Russ "Mugger" Smith of the invaluable Splice Today points out something worth remembering. The Times' house editorial, which was published just two days after Brooks' piece, is even worse, and not just because it supposedly carries the imprimatur of the wise folks at the Gray Lady. Writes Smith:

[The Times' editorial] "The Marijuana Experiment" … [takes] a very critical stance on the rapidly moving trend in states across the country that have either legalized pot or are in the process of doing so. The Times editorial board is clearly against such a populist movement—even though: abortion, check, gay marriage, check, unisex bathrooms, coming up—and it's my guess that one of Brooks' superiors at the paper suggested he write such an essay to gauge opinion. Otherwise, why would the editor who presumably reads Brooks' columns before they're published leave him open for such scorn?

Marijuana legalization—or decriminalization—is an issue that gains supporters every day, so the Times triumvirate of publisher Arthur Sulzberger, Jr. (62), executive editor Jill Abramson (59) and editorial page editor Andrew Rosenthal (57) knows the paper will have to take a more definitive stand in the coming months, particularly since New York's governor and possible Democratic presidential candidate Andrew Cuomo has proposed the very minor step of allowing medicinal marijuana in 20 hospitals across the state.

I don't buy Smith's suggestion that Brooks was strongarmed into writing a column he didn't believe in, but Smith is right that the Times house editorial is suffused with a slow-twitch, pre-senility panic about all the terrors that might be unleashed upon the world now that weed can be smoked without a potential arrest harshing the buzz. Curiously, the Times editorial doesn't comment on whether the Colorado law is a good or bad thing, choosing instead to lay out a litany of things that might go terribly, terribly wrong.

The Times list of "what to watch for in the early stages of this experiment" include under-age smoking, marketing to youths, driving while drunk and high, and interstate trafficking. About the only thing missing from the list is  a Harry Anslinger-inspired anxiety about whether easy access to dope will increase the desire among "white women to seek sexual relations with Negroes, entertainers, and any others."

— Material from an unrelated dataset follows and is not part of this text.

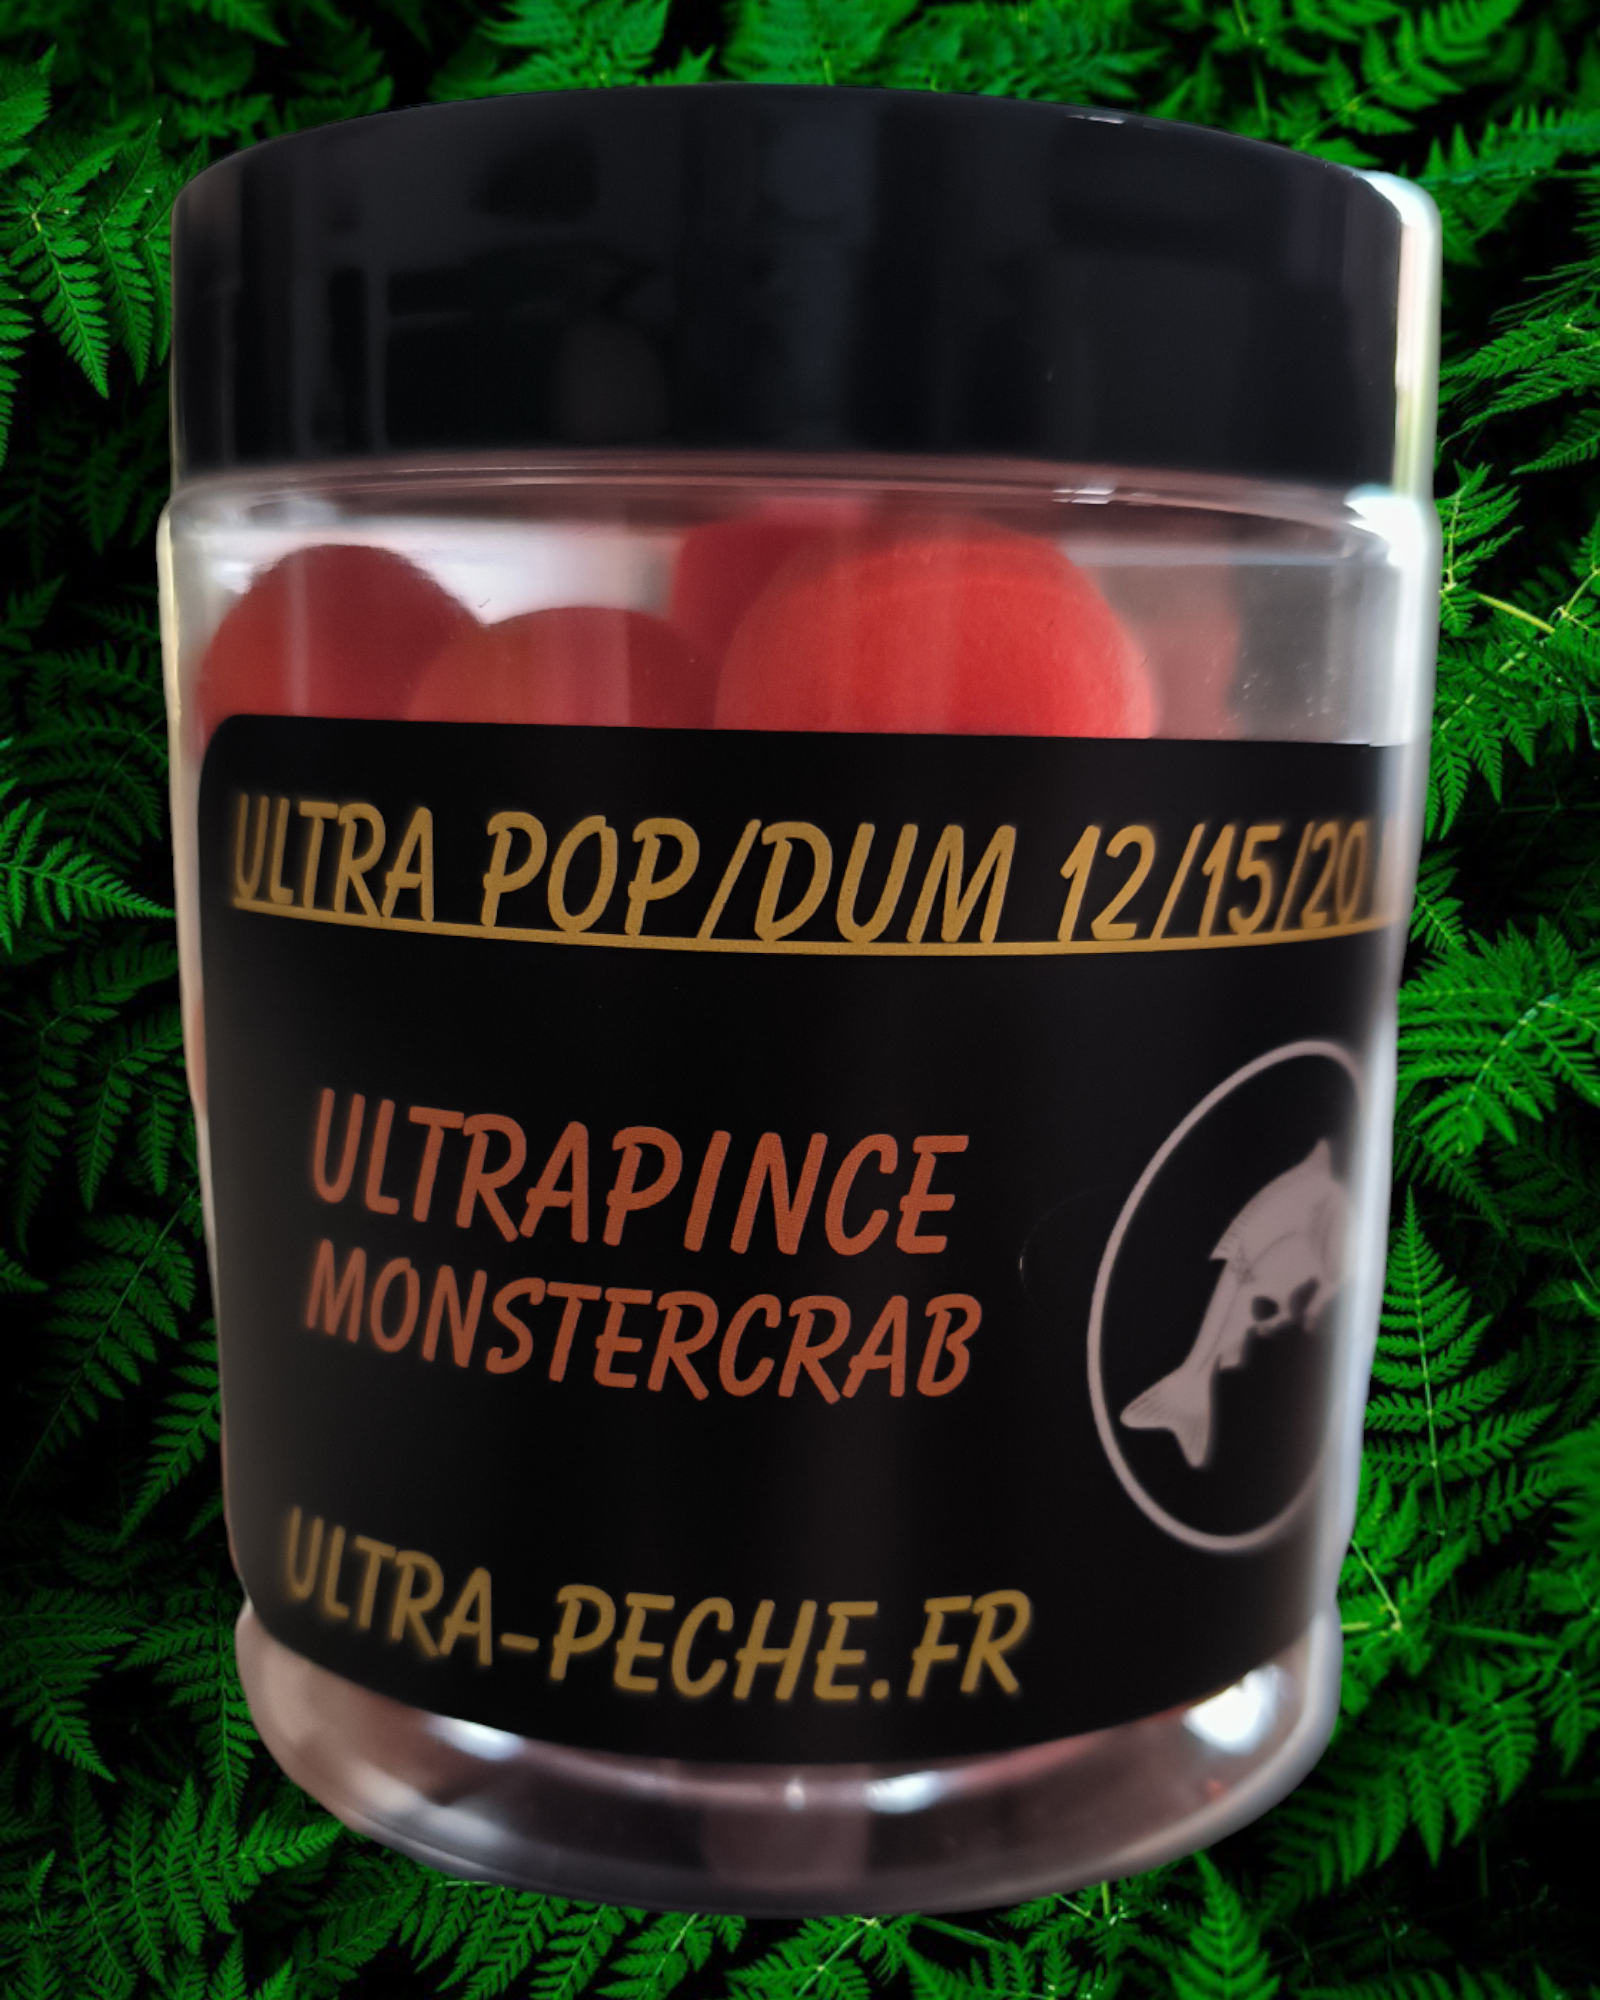 POP UP 20mm ULTRAPINCE MonsterCrab 80g Ultra-peche

What does it tell you about the state of mainstream establishment journalism when the liberal New York Times is tut-tutting about "what to watch" for in Colorado at the same time that the conservative National Review is editorializing that "Colorado has become the first state to make the prudent choice of legalizing the consumption and sale of marijuana…"?

It tells you a lot—and nothing that reflects well on the New York Times.